In this study population, the daily use of vitamin supplement (8.2% in men and 9.9% in women) was lower than in other populations (eg, 61–68% in the United States).[6] Carotenoids, such as β-carotene, may have a possible biphasic response that promotes health when taken at dietary levels but may have adverse effects when taken in higher amounts.[38] Dietary supplements of some carotenoids have been associated with increased risks of degenerative diseases[46] and lung cancer.[47] Studies also found consistent evidence of deleterious effects on all-cause mortality for dietary supplements containing vitamin A, vitamin E, and/or β-carotene.[10],[48] The similar significant inverse associations observed after removing the daily vitamin supplement in this study elucidated that the significant associations of nutrient intakes and all-cause mortality were driven by basic dietary intakes rather than supplements.
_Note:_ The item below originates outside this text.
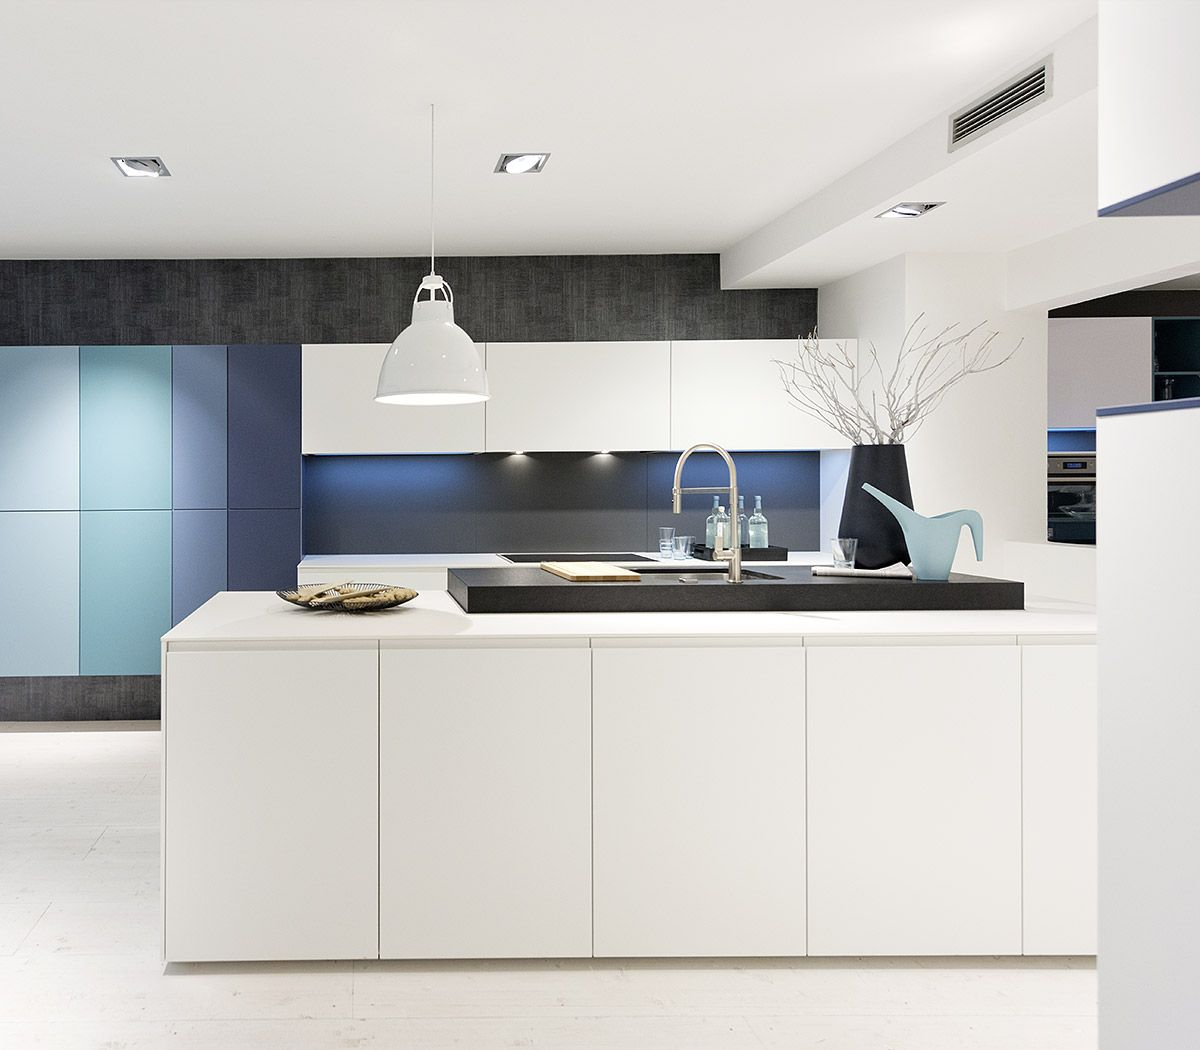 Küchenideen farben cuisines nolte  cuisinistes cuisines design cuisines antony

The strengths of this study include its prospective cohort design, a large number of deaths during a long follow-up time with sufficient statistical power, multiple adjustments for relevant confounders, and evaluation of an Asian population. The limitations of this study warrant discussion. First, we used an FFQ with only 33 food items to identify intakes of antioxidants, and we used death certificates to define events. The validity of FFQ for intakes of antioxidant vitamins with diet record was not high, and we did not have data about vitamin E and carotene in the validation study.[22] However, the diet misclassification would attenuate findings toward the null in this study, since it is unlikely to be related to the baseline intakes of antioxidant vitamins. Second, the exclusion of missing dietary information may affect generalizability, although it may not greatly affect the significant findings in this study.[22] Third, the possibility of other confounding by unmeasured or incompletely adjusted all-cause mortality risk factors also applies to this study, including the residual confounding by smoking.[25],[36] Fourth, because we only conducted a FFQ survey for baseline dietary intake, changes in vitamin intakes over time were not accessed to examine temporal aspects.[27]

Results of this study suggest that dietary intakes of vitamin C, vitamin E, β-carotene, and β-cryptoxanthin were inversely associated with all-cause mortality in Japanese women. These findings are consistent with the notion that intake of fruits and vegetables that are rich in dietary antioxidant micronutrients may be independently or jointly protective against all-cause mortality, particularly in female nonsmokers. Further studies on modified effects from lifestyle factors on the nutrient-mortality relationship are needed.